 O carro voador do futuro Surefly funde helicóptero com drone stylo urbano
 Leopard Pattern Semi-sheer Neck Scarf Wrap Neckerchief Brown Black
• • •
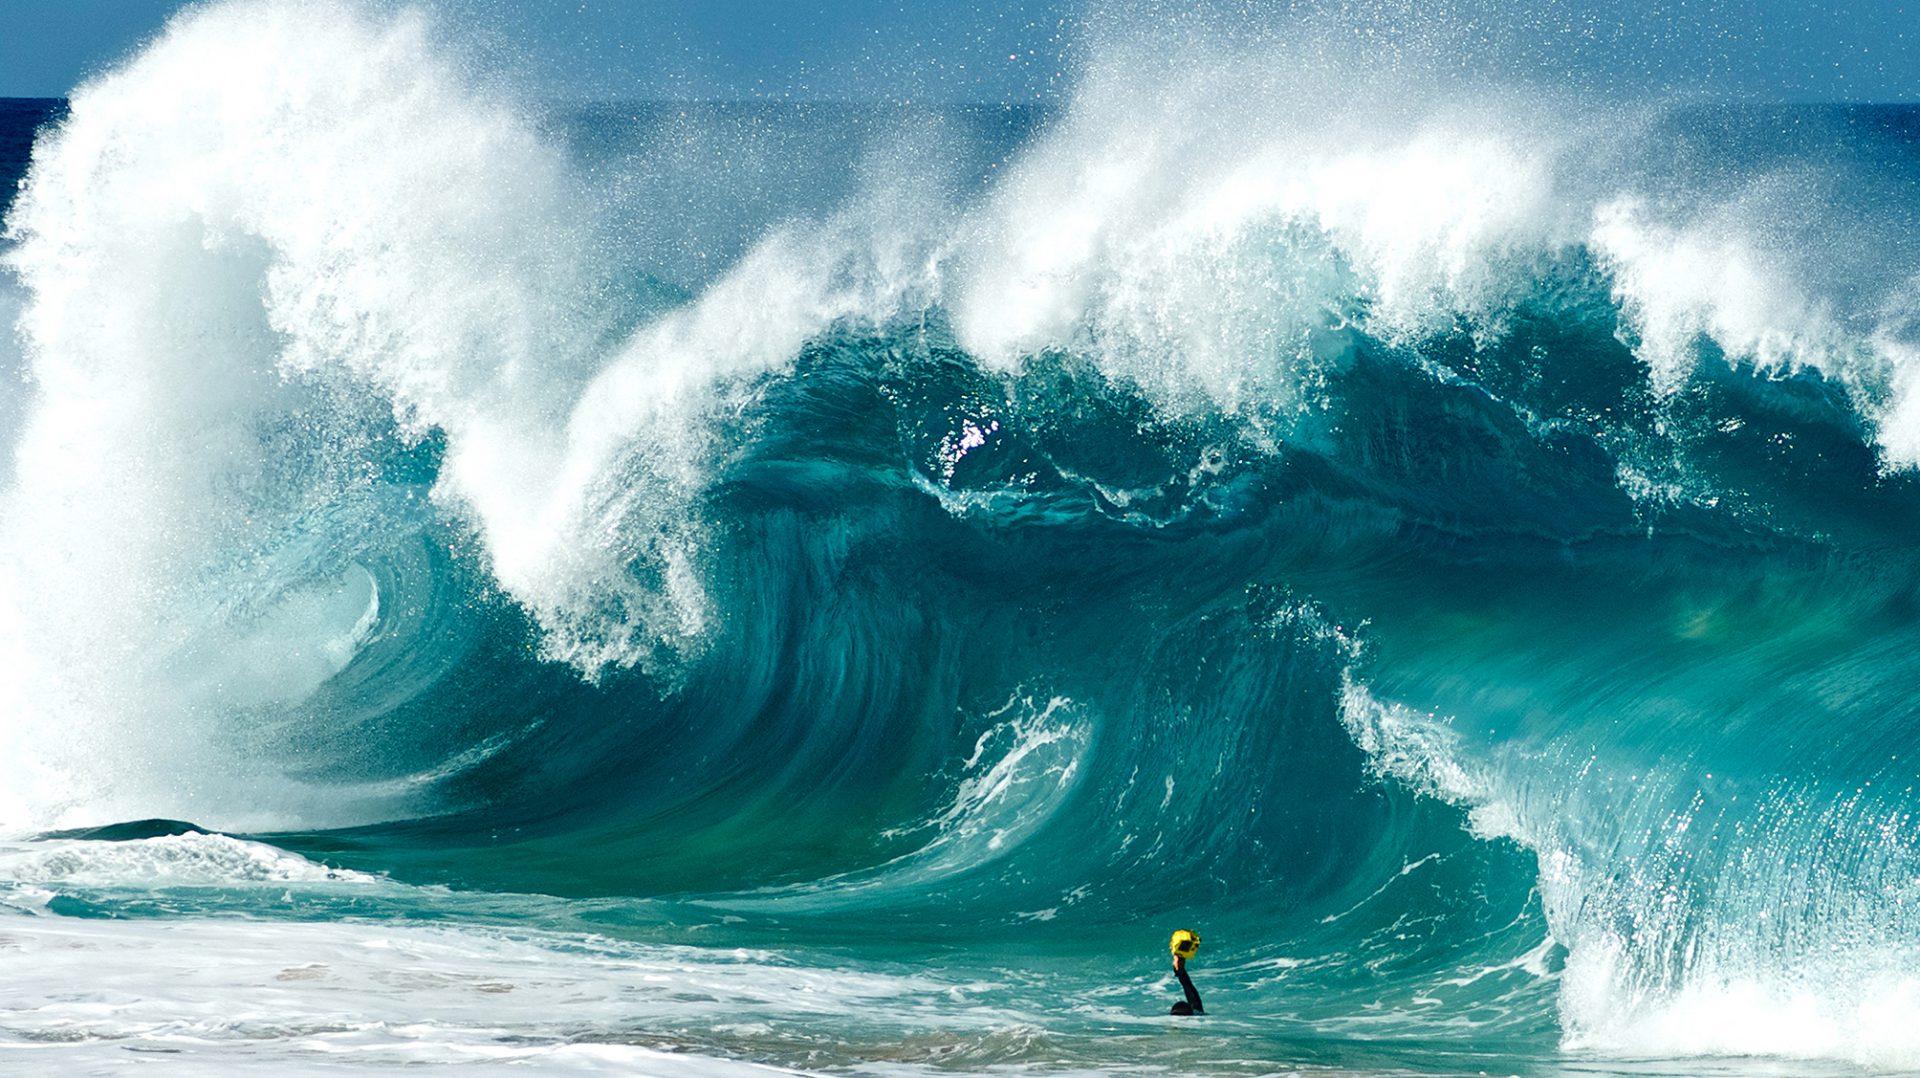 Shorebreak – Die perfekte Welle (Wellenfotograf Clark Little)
• • •
Requirement:
Lines wanted from the listing above: the line with "O carro voador" up to and including the line with "Leopard Pattern Semi-sheer". Please write them out exactly, adding nothing else.

Response:
 O carro voador do futuro Surefly funde helicóptero com drone stylo urbano
 Leopard Pattern Semi-sheer Neck Scarf Wrap Neckerchief Brown Black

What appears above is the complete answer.